In Washington, DC those facing their second DUI offense are looking at increased jail time and fines. As a result, it is important that if you are charged, you consult with a DC DUI lawyer as soon as possible to begin building your defense. Below, is more on what you should know regarding second offense penalties, to learn more call and schedule a consultation today.

Penalties For a Second Offense DUI Charge

A second offense DUI is eligible for a mandatory minimum ten days of jail time. This means that judges are permitted to go higher than, but not lower than a 10-day jail sentence in the event that a person is convicted for a second offense DUI.

Frequently people want to know if they can be put on home confinement, go to a halfway house, or if the judge can make their second offense a first offense. However none of these are possible, and in the event that a person is convicted of a second offense DUI, the judge does not have the discretion to give anything other than a minimum ten days in D.C. jail.

The judge is not even allowed to let a person to serve jail time on weekends or to split the jail time up between consecutive weekends to grant the person the ability to go to work Monday through Friday and then serve the jail time on Saturday and Sunday. The D.C. City Council eliminated that possibility and made a requirement that any mandatory jail time must be served consecutively.

The maximum possible penalty a person can receive for a second offense DUI is one year in jail. A person’s possible fines also increase after a first offense to $2,500- $5,000 in fines, but the judge does have the discretion to impose fines. A judge can suspend any portion of that fine so a person does not have to actually pay them.
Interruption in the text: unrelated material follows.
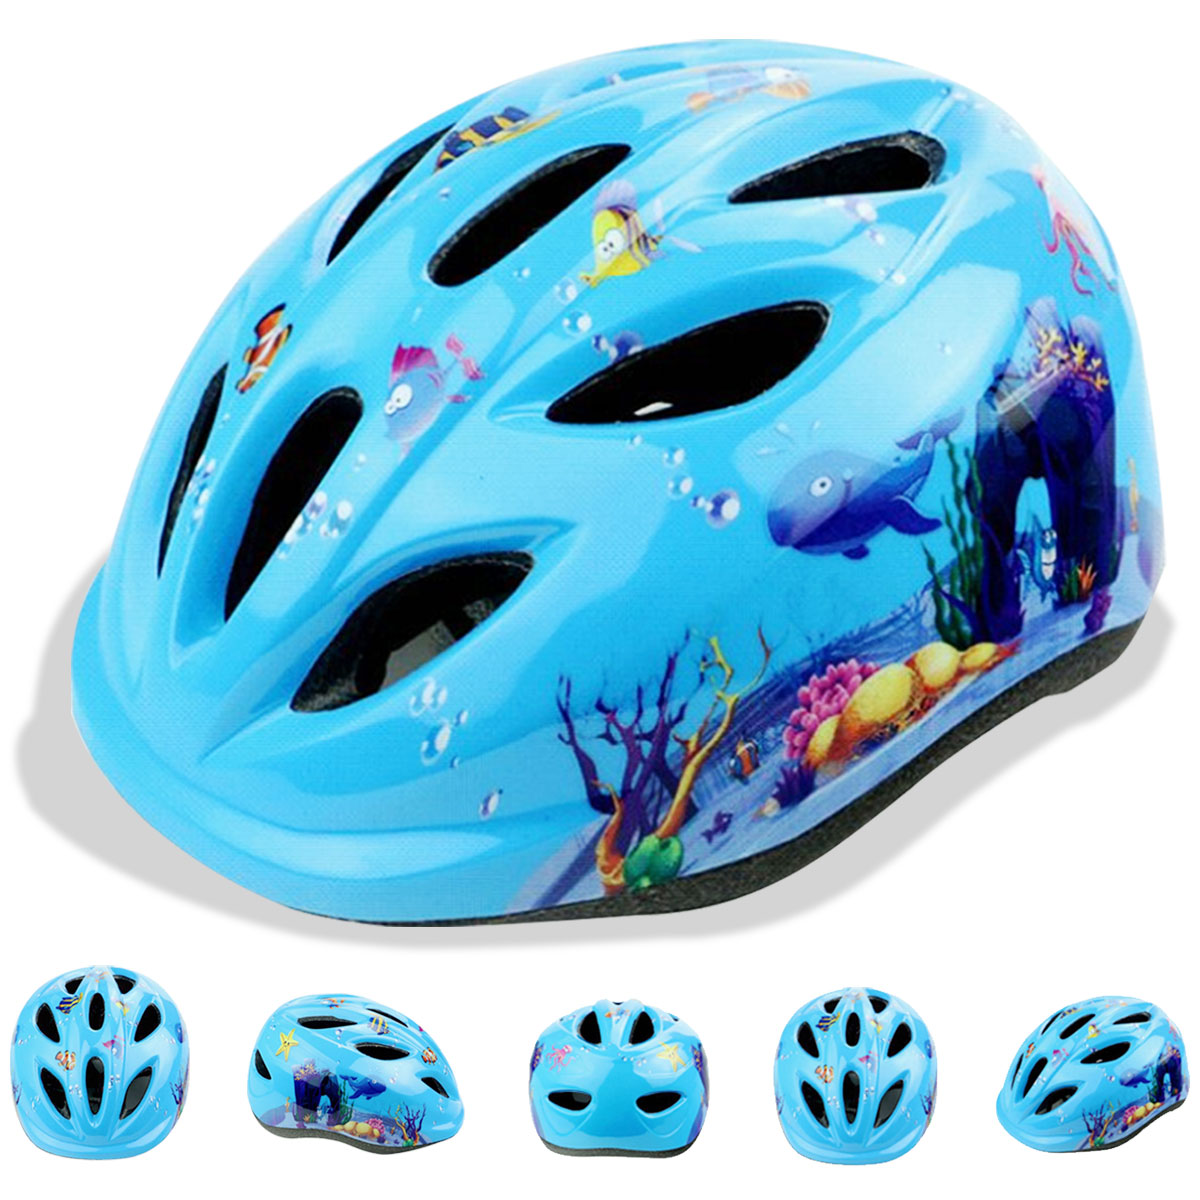 Kids Safety Children Helmet for Bike Scooter Bicycle Skate Board Adjustable - Auto GoShop
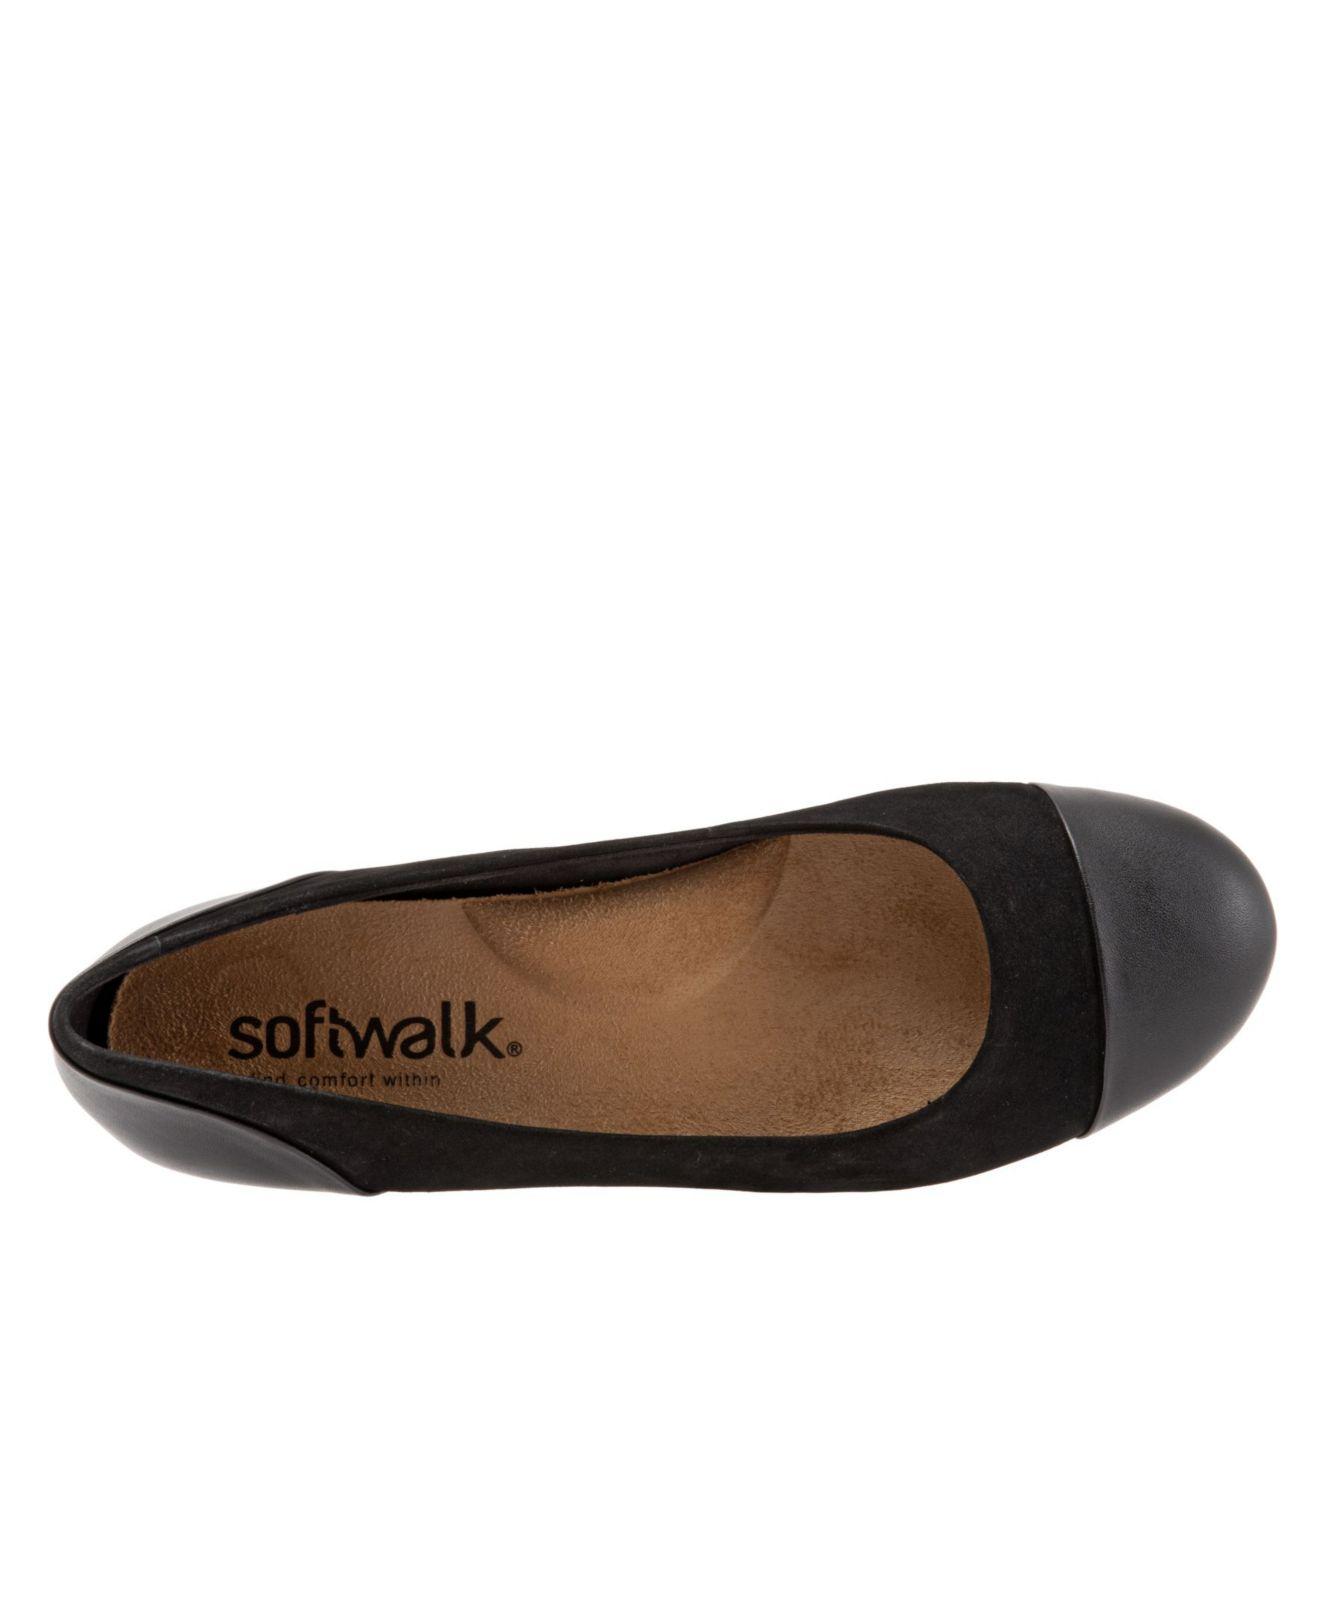 Softwalk Synthetic Sonoma Cap Toe Flats in Black nu (Black) - Lyst

Does The Time Between DUI Charges Matter?

The time between DUIs can make a difference. If the prior DUI was more than fifteen years prior to the current DUI for which a person is charged, then that person is not eligible for enhanced penalties. This does not mean that the person cannot receive jail time, it just means that the person cannot be treated as a second time offender and so that jail time is not mandatory.

If a person does have a prior DUI within the past fifteen years, there can still be a difference between whether that prior DUI was fourteen years ago or if the prior DUI was one year ago. The mandatory minimum jail time is still ten days in both circumstances, but the time that is a lapse between the first DUI and the second DUI can make a difference in whether the judge wants to impose a sentence higher than a mandatory minimum level of jail time.

For example, if a person’s first DUI was only one year prior to the current DUI, then a judge may treat that more seriously and say more than ten days of jail time is warranted because such little time has passed since the last time the defendant was in the same situation. The defense’s job is to mitigate that situation and, in the event that there is no way to avoid the mandatory minimum jail time, to get as close to that mandatory minimum level of jail time as possible.

Diversion or Probation For a Second Offense

There is no diversion possible on a second offense DUI. Diversion agreements are reserved for people who have no prior arrest for driving under the influence.

Furthermore, the standard policy of the Attorney General’s Office is to not offer probation for second time offenses for DUI because of the mandatory minimum level of jail time for which a second time offender is eligible.

Nonetheless, a defense attorney’s job is to always advocate for the most favorable position for his client. That means that even though a person might be eligible for mandatory jail time on a second offense, defense attorneys still have the ability to defend aggressively, investigate the weaknesses in the prosecutor’s case, and negotiate for the possibility of avoiding jail time even in a situation where a person may be facing mandatory jail time.